* **THE TASK**: Pictures stay out; everything else in the records below is to be repeated exactly.

* **DATA FOR PROCESSING**:

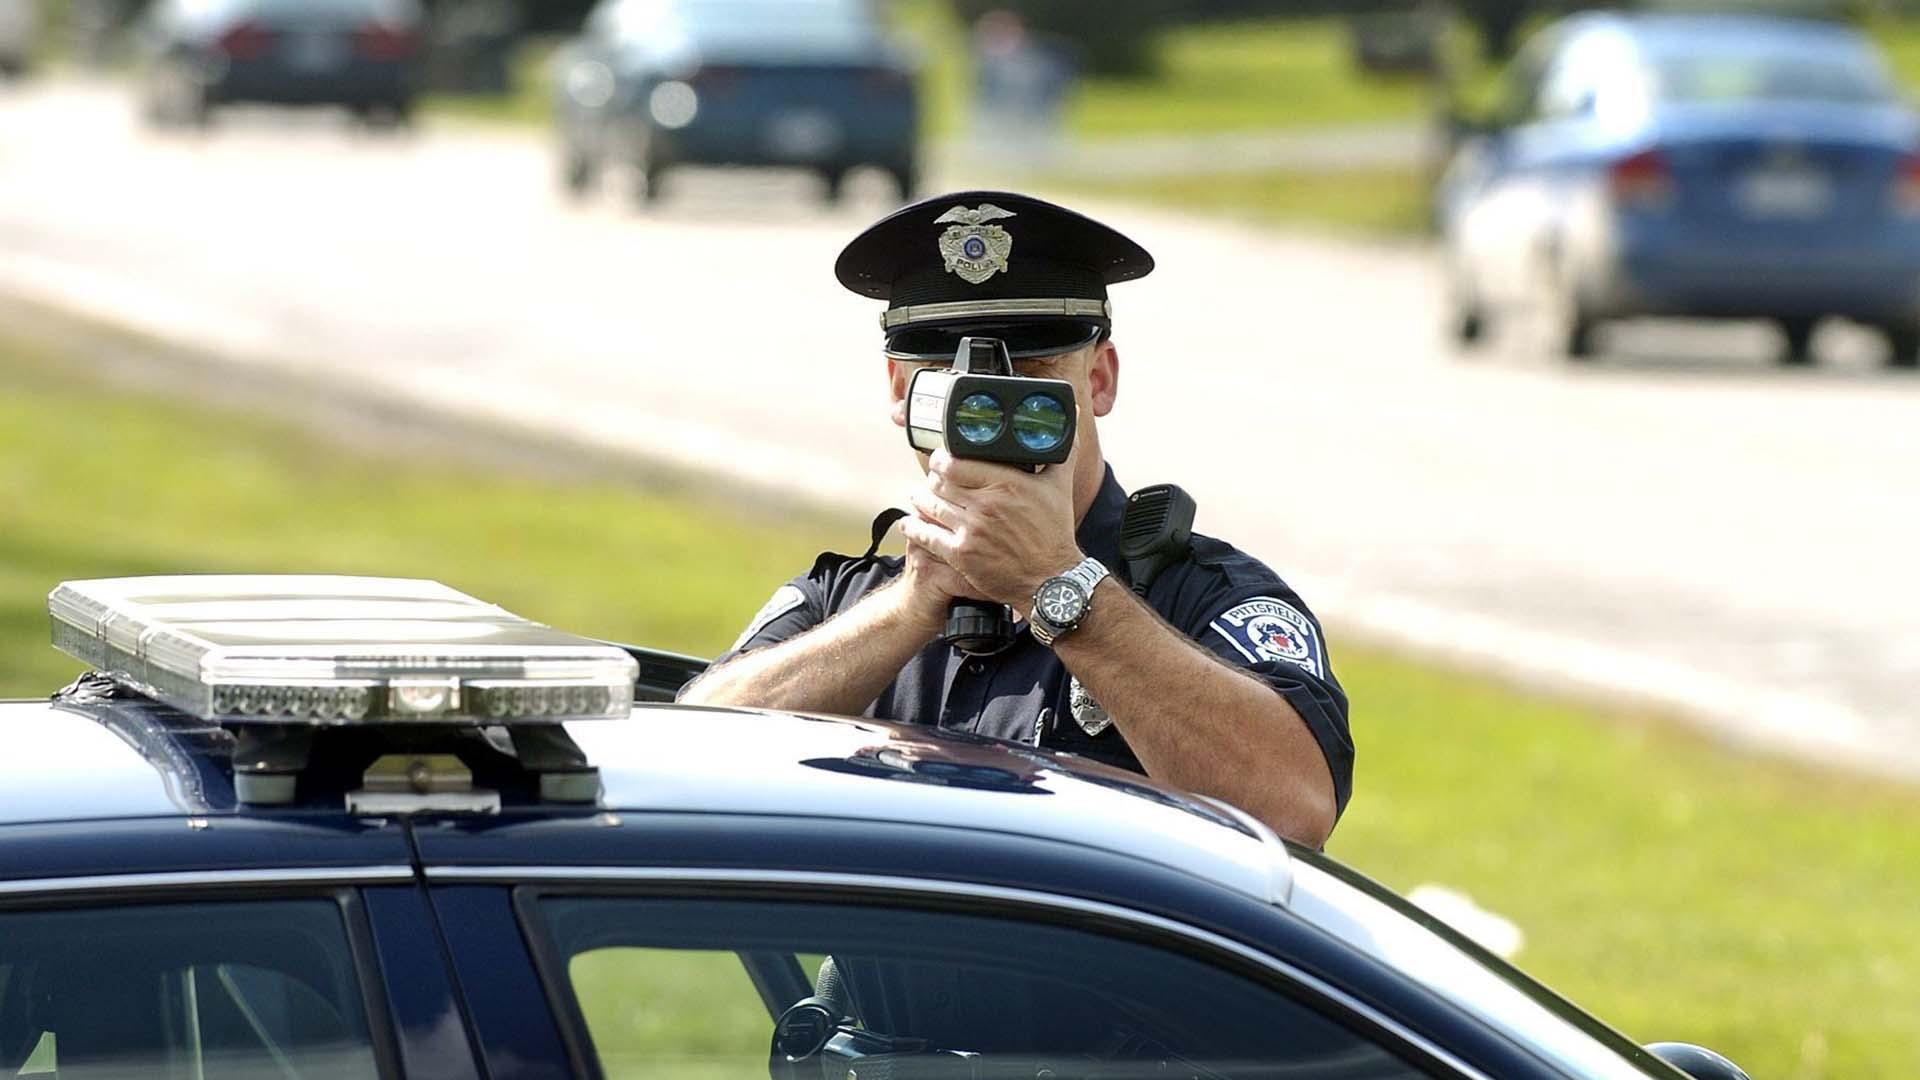 Οι οδηγοί ποιας μάρκας παίρνουν τις περισσότερες κλήσεις για υπερβολική ταχύτητα;
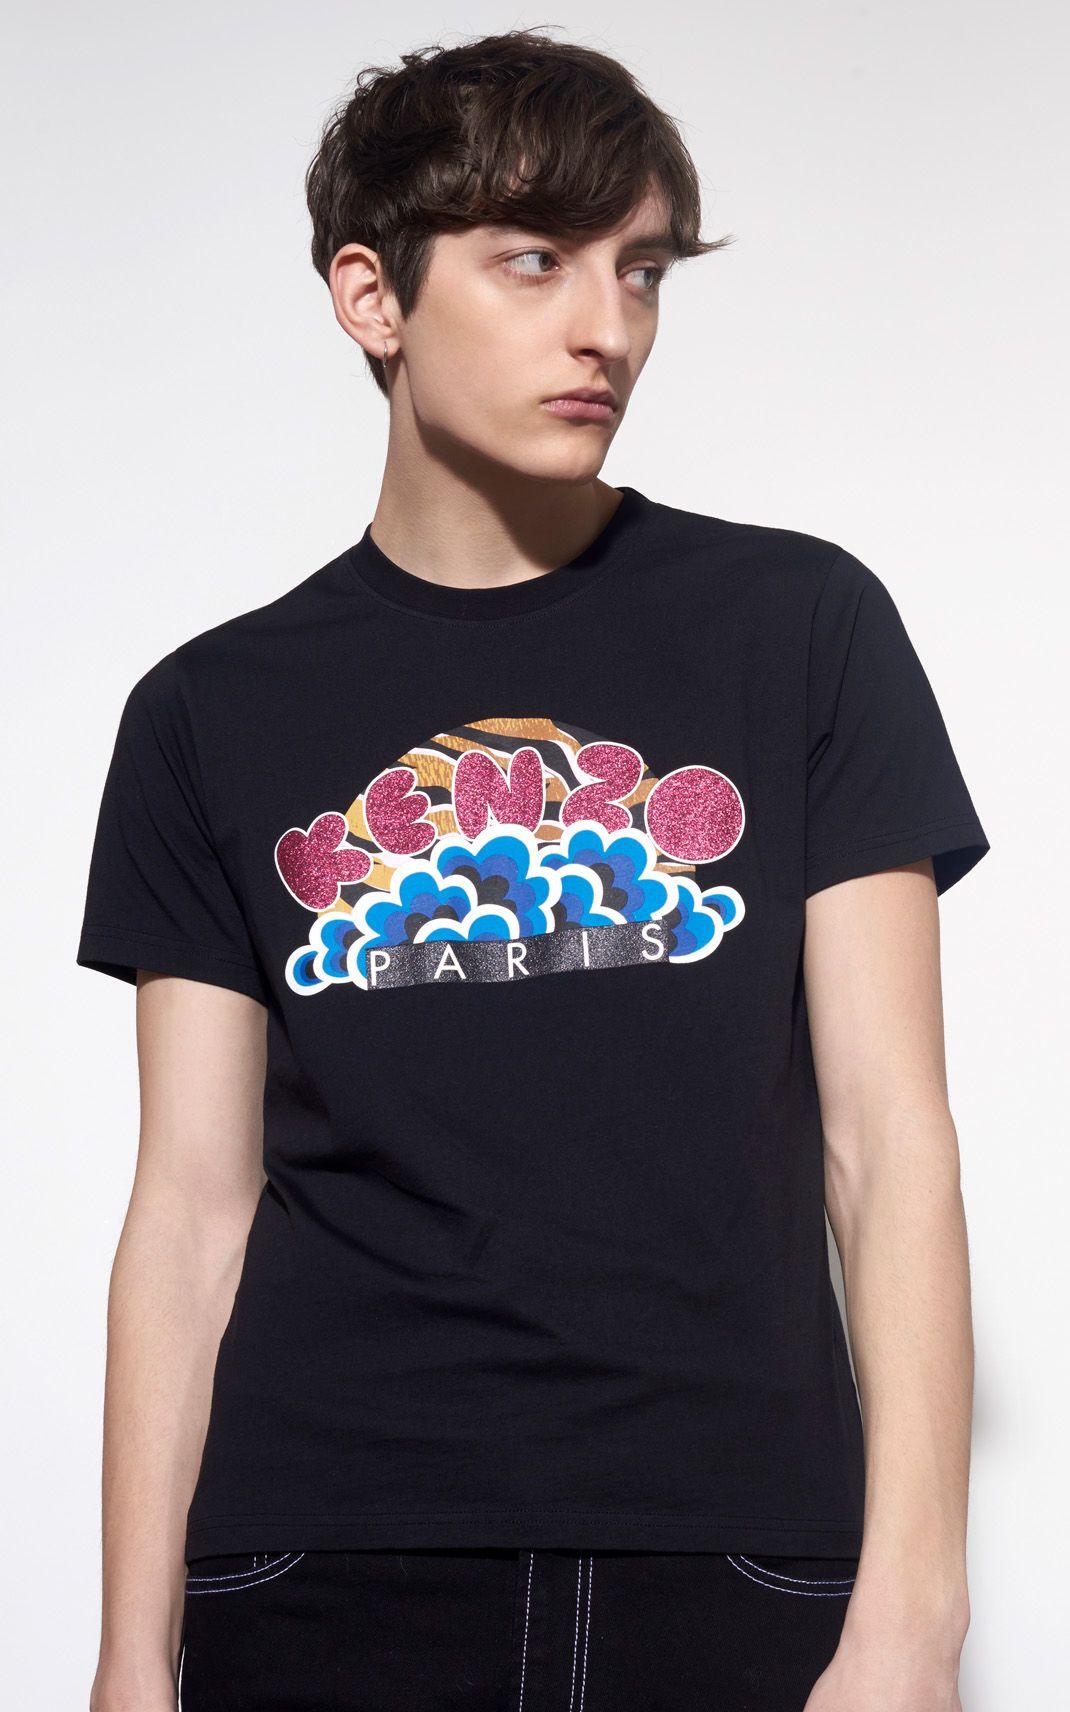 b7da748e KENZO Popcorn Tshirt for Kenzo | Kenzo.com | Graphic Tees | Mens ...
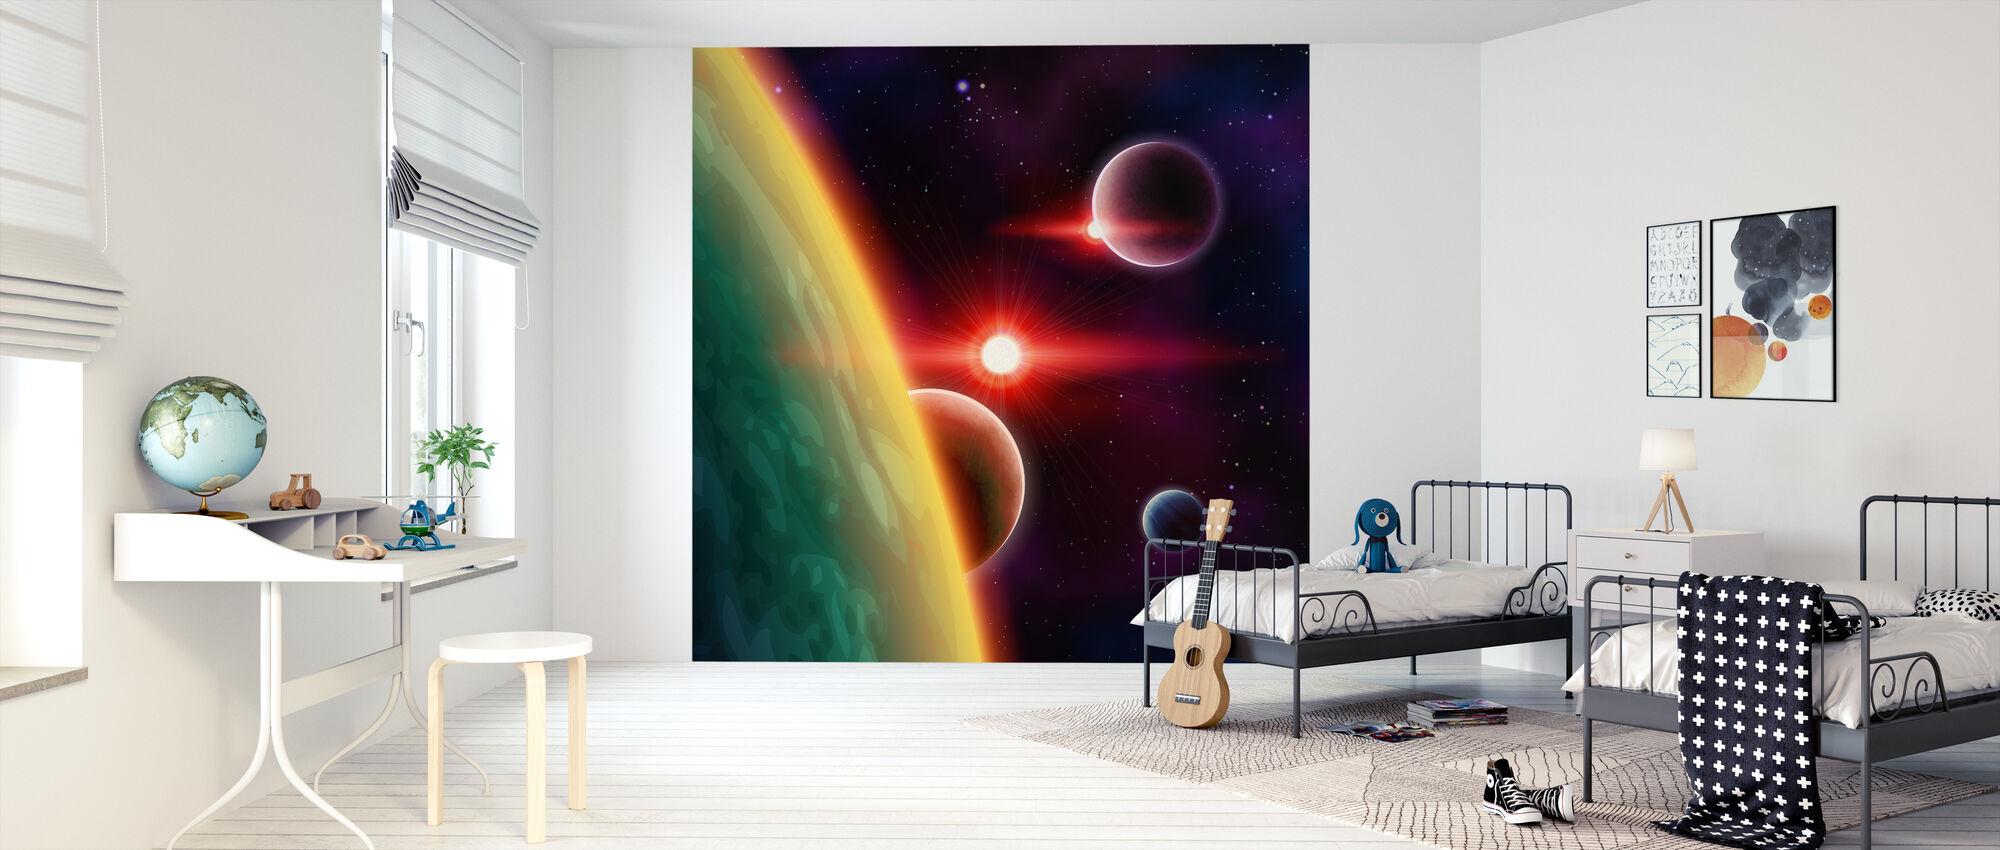 Spaces between Galaxies - Wallpaper - Kids Room
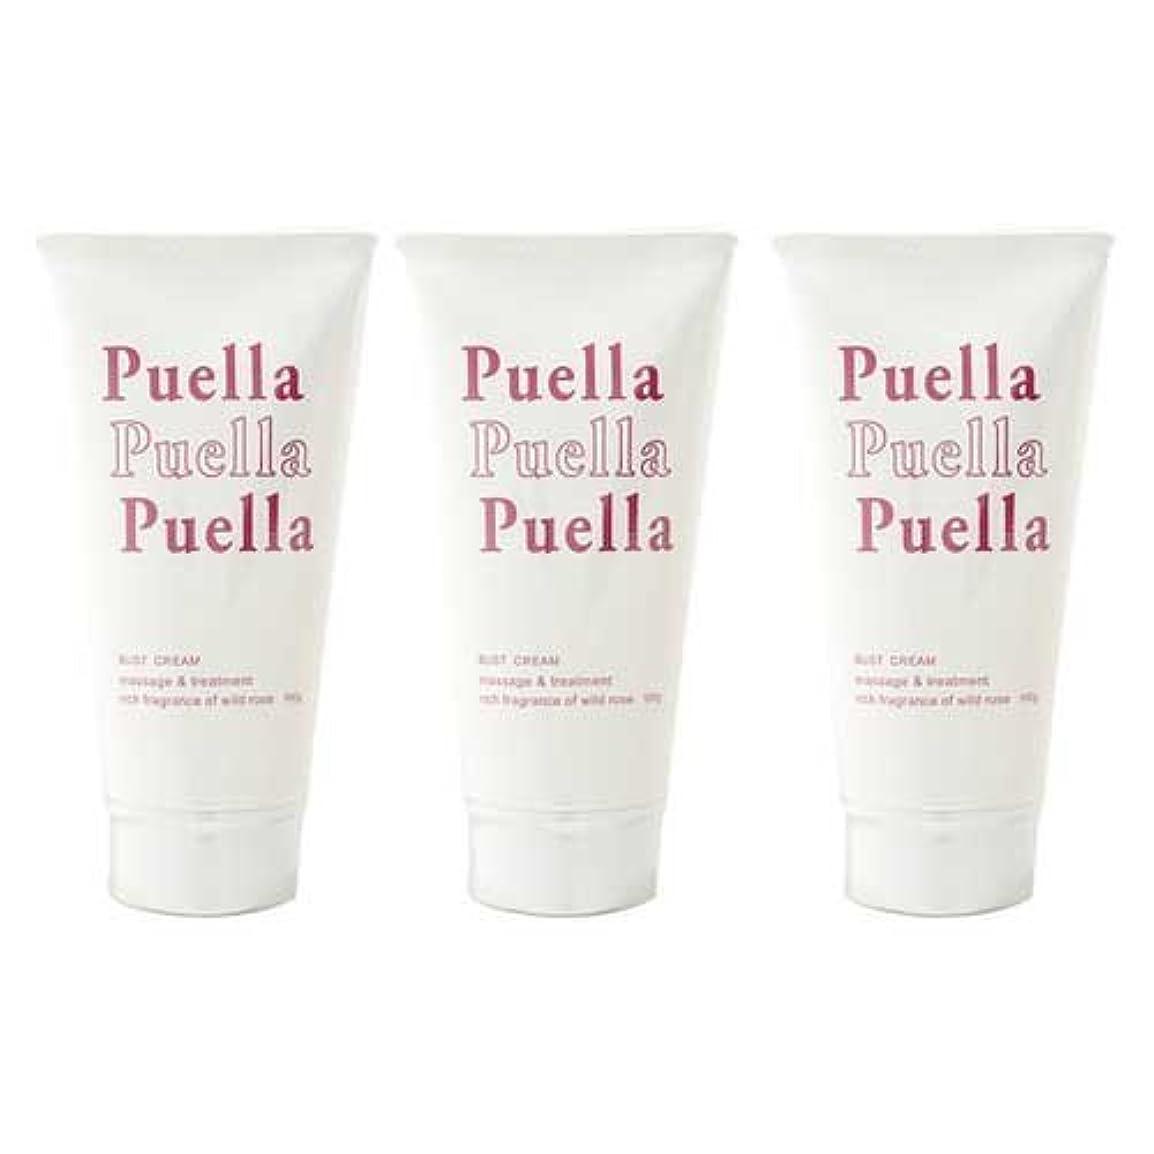 黙ノイズ条件付き3個セット puella(プエルラ)
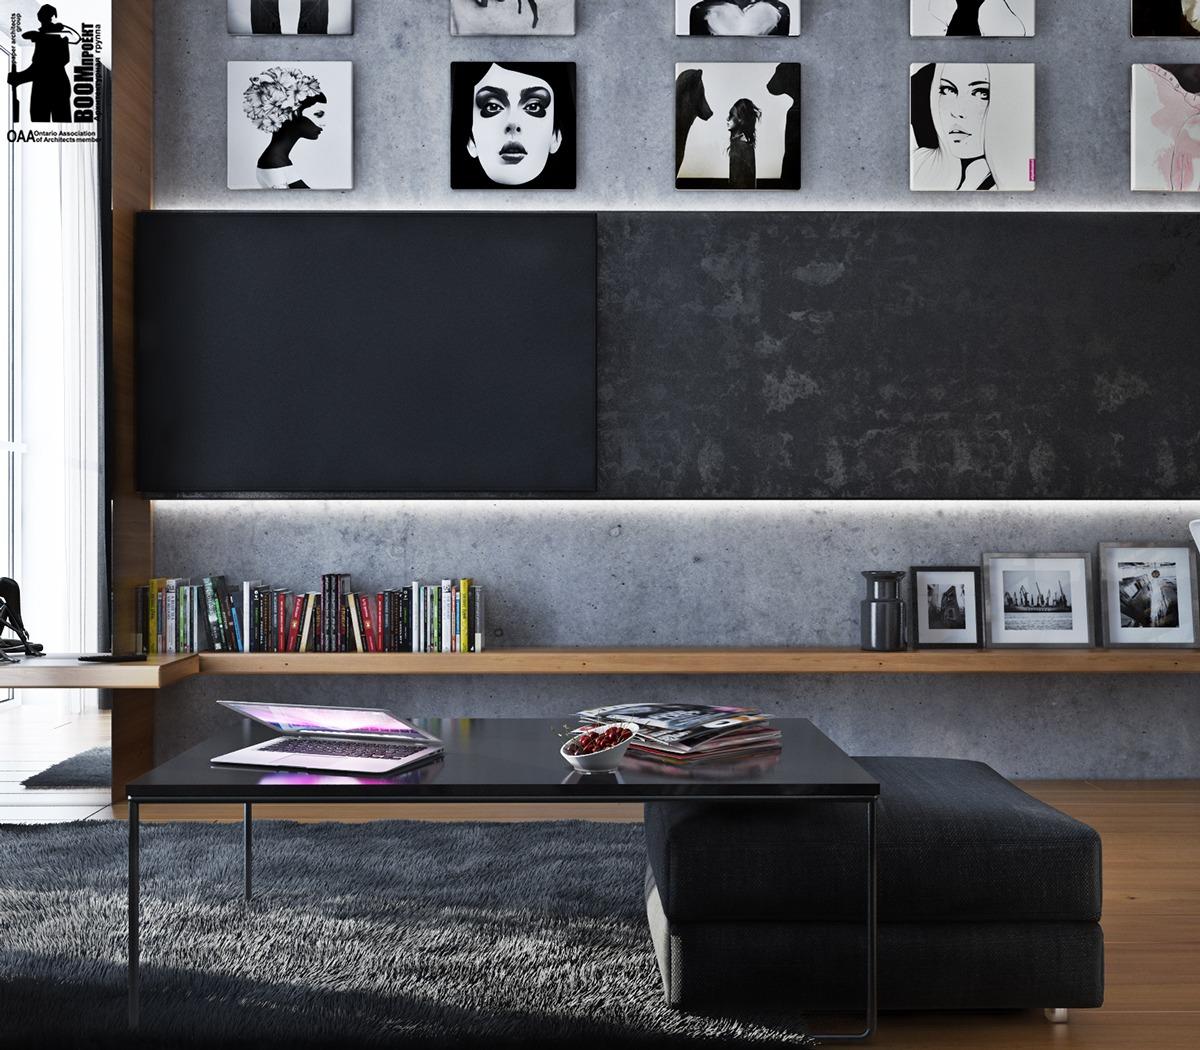 Художественные апартаменты с монохромной цветовой гаммой: фотообзор

* **RESULT BELOW**:
 Οι οδηγοί ποιας μάρκας παίρνουν τις περισσότερες κλήσεις για υπερβολική ταχύτητα;
 b7da748e KENZO Popcorn Tshirt for Kenzo | Kenzo.com | Graphic Tees | Mens ...
 Spaces between Galaxies - Wallpaper - Kids Room
 黙ノイズ条件付き3個セット puella(プエルラ)
 Художественные апартаменты с монохромной цветовой гаммой: фотообзор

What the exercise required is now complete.